My mom, my Sister, and Myself
My sister is somebody who I wish I could be more like. She is super loving, she loves to help me out with all of my problems, she tries so hard and keeps going even when she wants to quit, and she is somebody who a lot of people have looked up to. She is the mother of two small children and has one more on the way. She has a strong foundation and knows that without a doubt, being a mother is what she is supposed to be doing. She knows that it is what the Lord wants.
My grandma, mom, and I
My grandma has been the rock to our family for a long time. She is the one who joined the church and has kept us going in the gospel, despite when we might be falling away or even just "taking a break". She is one major blessing to our family. She has taught me so much about becoming a mother, becoming a wife, and about being a friend to those around us. She is an amazing woman who has so much to offer us.
A friend from church, Sister Bateman, is another amazing example of being an amazing mother. She is the wife of our former stake president and she is one of the most amazing, most selfless people that I know. She welcomed everyone to her home and she loved to have my siblings and I over ever Saturday morning for breakfast with the missionaries. She is somebody that I would love to be more like. She was a very gentle woman and she always loved to talk and to teach and most of all, she loved to love.

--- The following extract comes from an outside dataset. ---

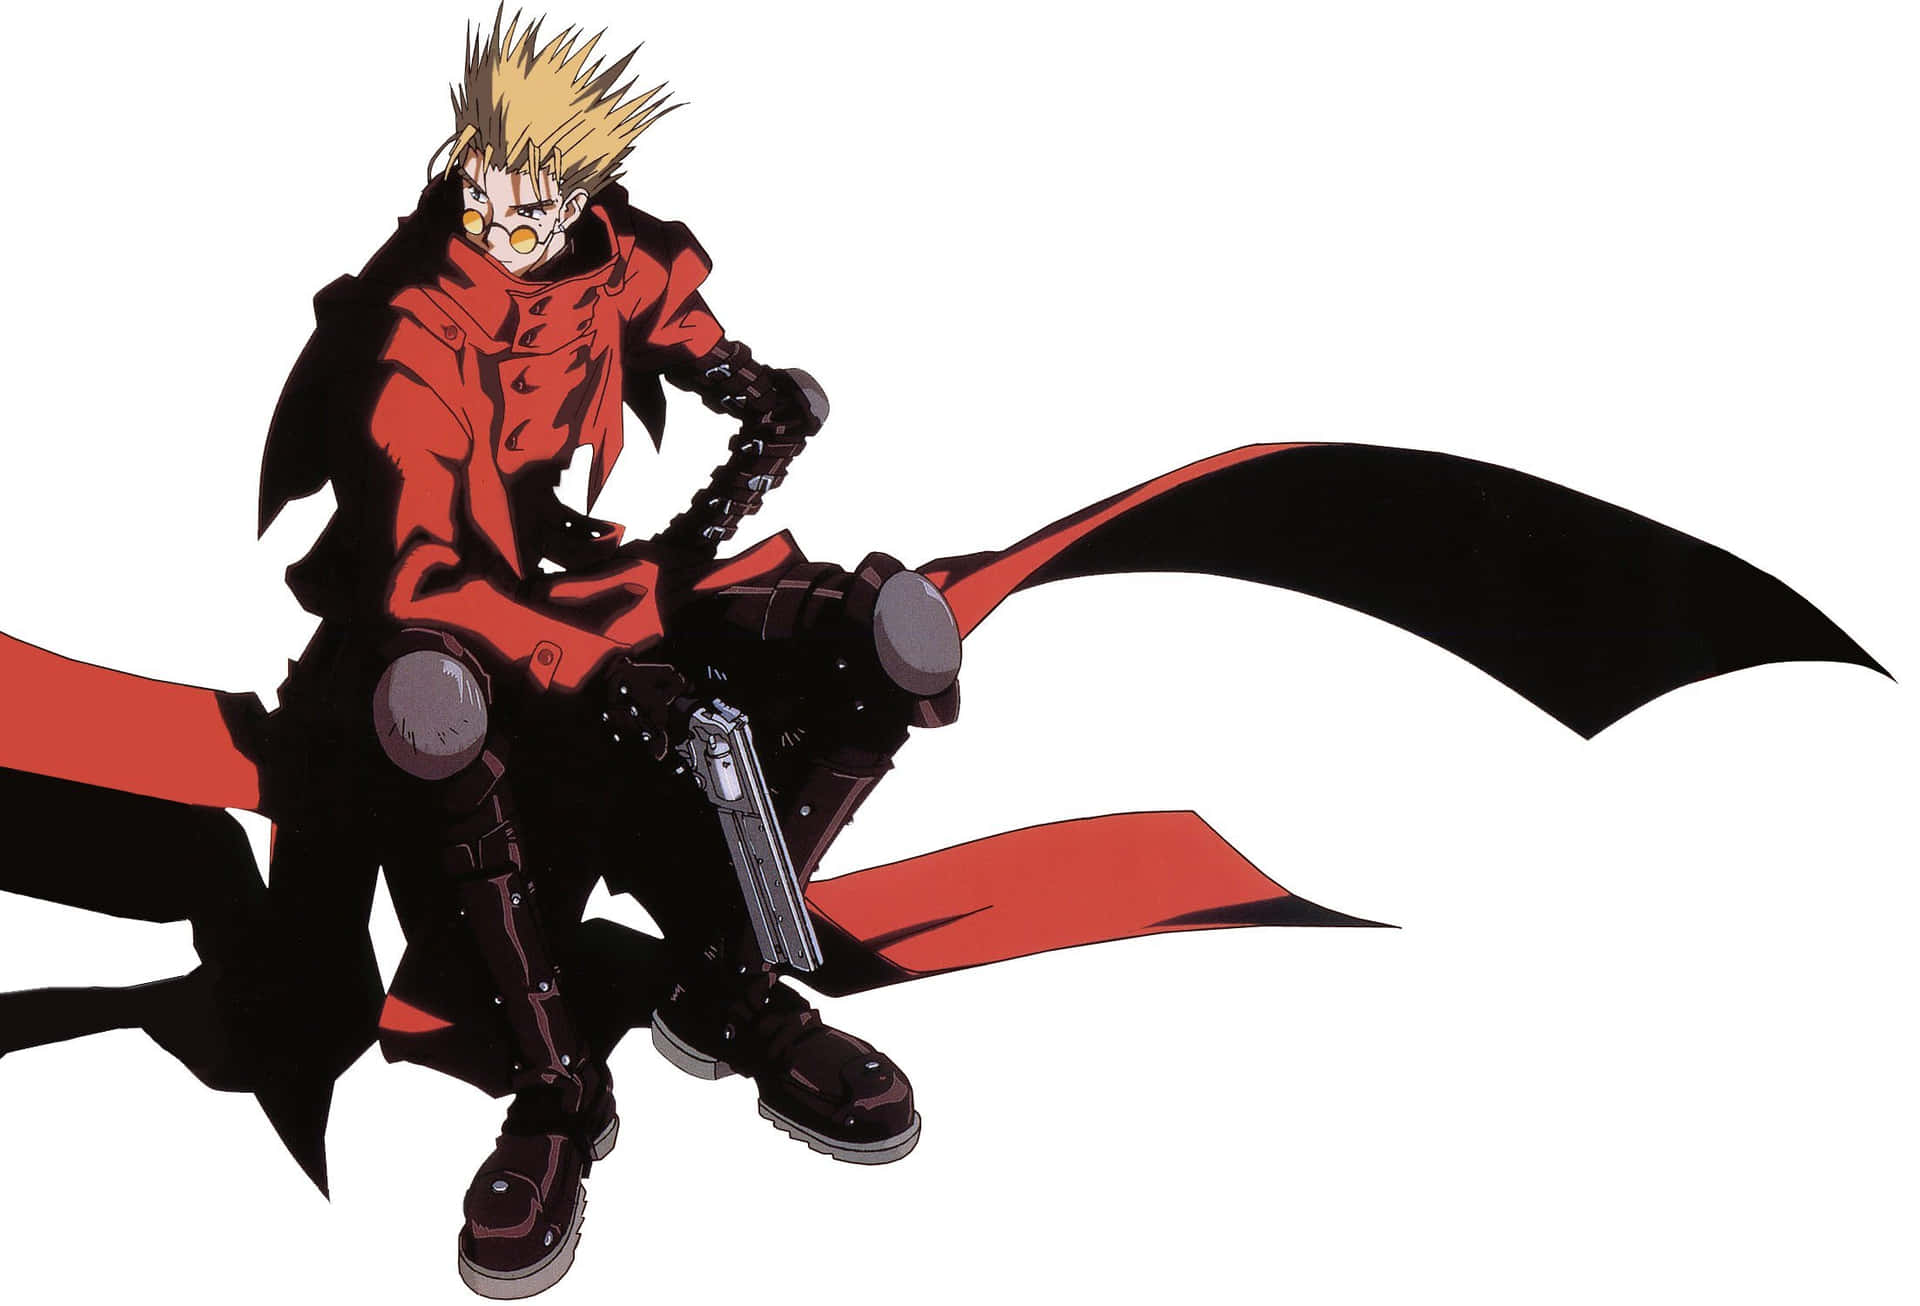 Vash the Stampede aiming with his gun in an action-packed scene Wallpaper

There is a primary song about mothers. I Often Go Walking

I often go walking in meadow of clover, And I gather armfuls of blossoms of blue. I gather the blossoms the whole meadow over; Dear mother, all flowers remind me of you.
O mother, I give you my love with each flower To give forth sweet fragrance a whole lifetime through; For if I love blossoms and meadows and walking, I learn how to love them, dear mother, from you.

To all of the amazing and sweet mother out in the world, any where in the world, just know that you are loved by so many people.

Saturday, November 5, 2016

MARRIAGE & AN EQUAL PARTNERSHIP

Within "The Family: A Proclamation to the World", we learn about the importance of marriage and how marriage is an equal partnership between man and woman. These two principles were meant for us to be taught. We learn that we are to be together in marriage and in partnership.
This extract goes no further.